EV(電気自動車)世界最大手の米テスラは2012年に中国市場に進出した。2019年には上海に製造拠点ギガファクトリー3を建設。中国進出からすでに10年近くなるが、同社にとって中国市場はますます欠かせない存在になっている。

浙江省で先月開催された「2021年世界インターネット大会」で、テスラのイーロン・マスクCEOは再び中国への「偏愛」を示した。同社は今後も引き続き中国への投資を拡大し、すでに中国にデータセンターを設立したと述べている。同月に海南省で開催された「2021年世界新エネルギー車大会」でも、「中国の自動車メーカーは世界で最も高い競争力を有している」と発言した。

中国政府は2009年、新エネルギー車振興策を本格化させ、大規模な補助金を投入し始めた。2009年から2019年までの10年で1000億元(約1兆7500億円)以上を投じたといわれている。しかし、補助金を不正受給する企業が跡を絶たず、真剣に新エネルギー車製造に取り組む企業は少数だったため、補助金政策は技術力や競争力強化につながらなかった。そこで市場を刺激してナマズ効果を引き起こしてくれる、テスラのような存在が必要になったのだ。

そのテスラは2018年、倒産の危機に瀕していた。製造が需要に追いつかず、調達した資金で生きながらえるも、管理職が辞職したり、リコール問題が起きたりなど問題が多発。マスクCEOは後にこの時期を振り返り、「あと1カ月で倒産するところだった」と発言している。

そこでマスクCEOが目をつけたのが中国市場だ。中国側がまさに「ナマズ」を欲していたタイミングだった。テスラが上海に工場を建設するプロジェクトはすぐに決まった。テスラは中国で初めて、外資単独で中国に参入した自動車メーカーとなったのだ。

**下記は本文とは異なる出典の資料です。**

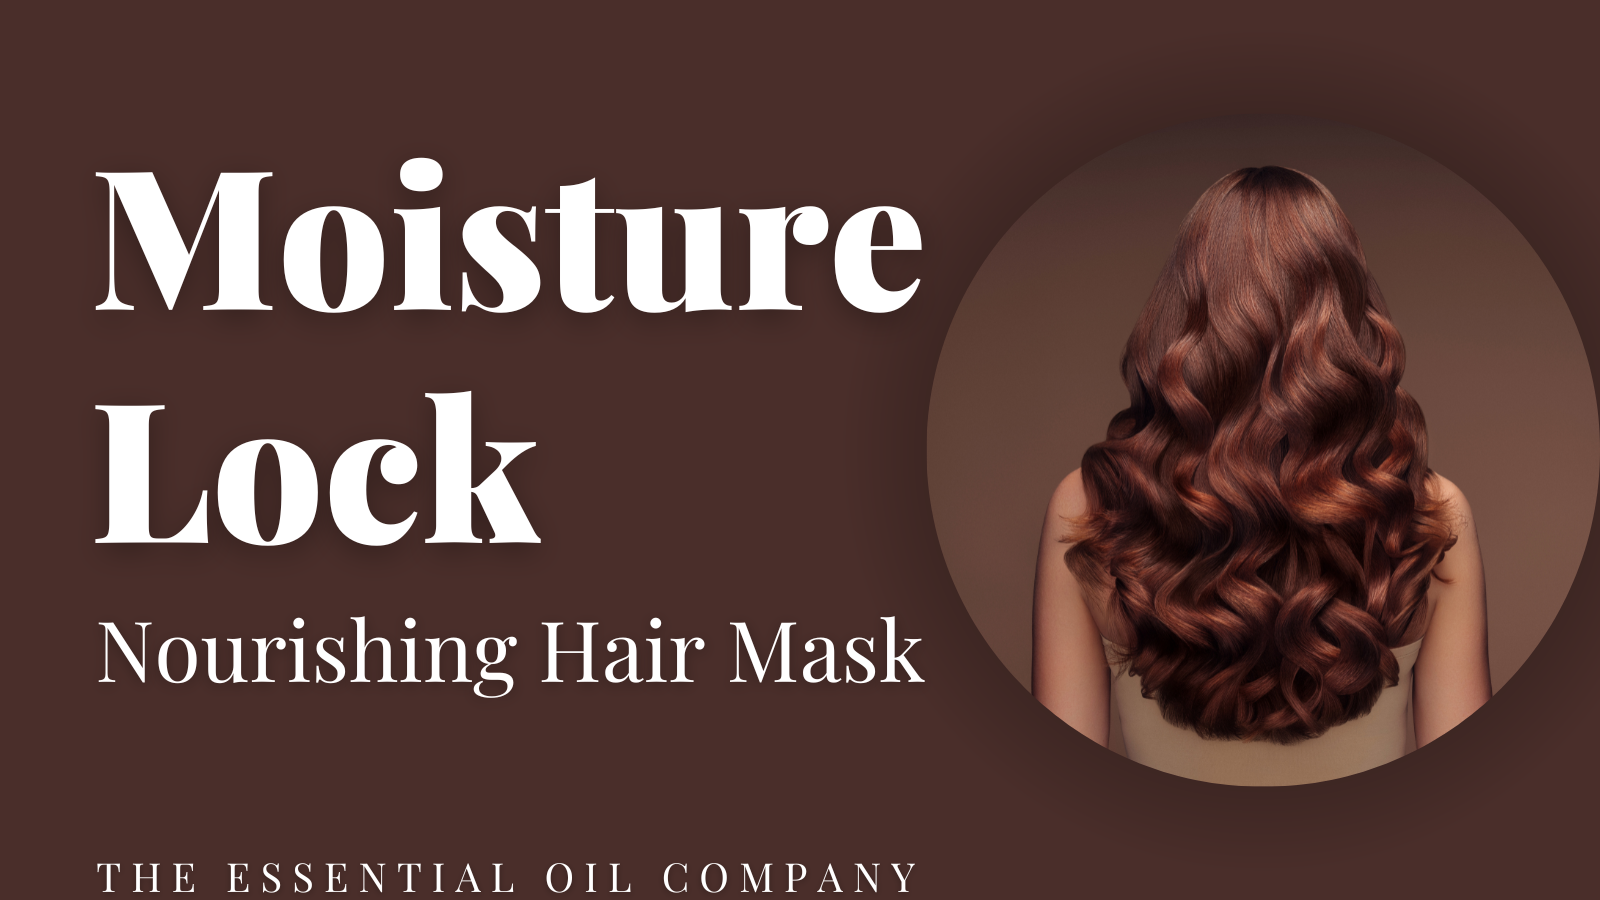 Moisture Lock Nourishing Hair Mask

2018年7月に上海市政府との協議が締結し、テスラの新工場ギガファクトリー3は2019年1月に着工、同年8月に竣工した。テスラは上海市との協議締結後、中国建設銀行(上海浦東支店)、中国農業銀行(上海支店)など複数の銀行から貸し付けを受け、総額5億2100万ドル(約600億円)の支援を得た。

ギガファクトリー3の完成と中国の金融機関からの手厚い支援により、テスラの中国市場での成長はさらに力強いものとなった。2020年、テスラの中国市場での販売数は世界全体の3分の1を占め、北米に次ぐまでに成長した。販売数増加とともに利益も伸びており、中国事業の利益は2016年の11億ドル(約1200億円)から2020年には67億ドル(約7600億円)にまで伸び、世界全体の売上高の21%を占めるまでになった。さらに今年第1四半期には中国市場での売上高は30億ドル(約3400億円)となり、世界全体の売上高の29%にまで成長した。

テスラと中国の提携はウィンウィンの結果をもたらした。テスラは倒産の危機を脱し、販売台数も時価総額も過去最高を記録。一方の中国ではギガファクトリー3の誘致がきっかけで新エネルギー車産業の統合・淘汰が進み、EVメーカー御三家「蔚小理(蔚来汽車、小鵬汽車、理想汽車)」に代表される競争力ある企業が生き残った。

ギガファクトリー3は現地市場の大きな需要に応えるだけでなく、海外への供給でも欠かせない存在だ。テスラのグローバル戦略で重要視されている欧州市場へはこれまで米国工場が供給を担ってきたが、コロナ禍でそれが難しくなった。テスラは世界4カ所の工場のうち、上海を除く3カ所が米国にある。5カ所目となる独ベルリンのギガファクトリーはもともと今年7月から稼働予定だったが、現段階では年末にまでずれこむと目されている。そのため、欧州市場への供給は上海のギガファクトリー3が担っている状況だ。

昨年10月からテスラは中国製完成車を輸出しはじめた。1四半期あたり約3〜4万台を欧州や日本に供給している。

今年に入り、テスラはさらにギガファクトリー3の供給力に頼っている。今年第1四半期の財務諸表によると、ギガファクトリー3の年間生産台数は45万台で、テスラ全体の生産台数の42.86%を占めるようになっている。

現段階ではテスラは中国市場を離れられず、上海のギガファクトリー3とも切っても切れない関係だといえるだろう。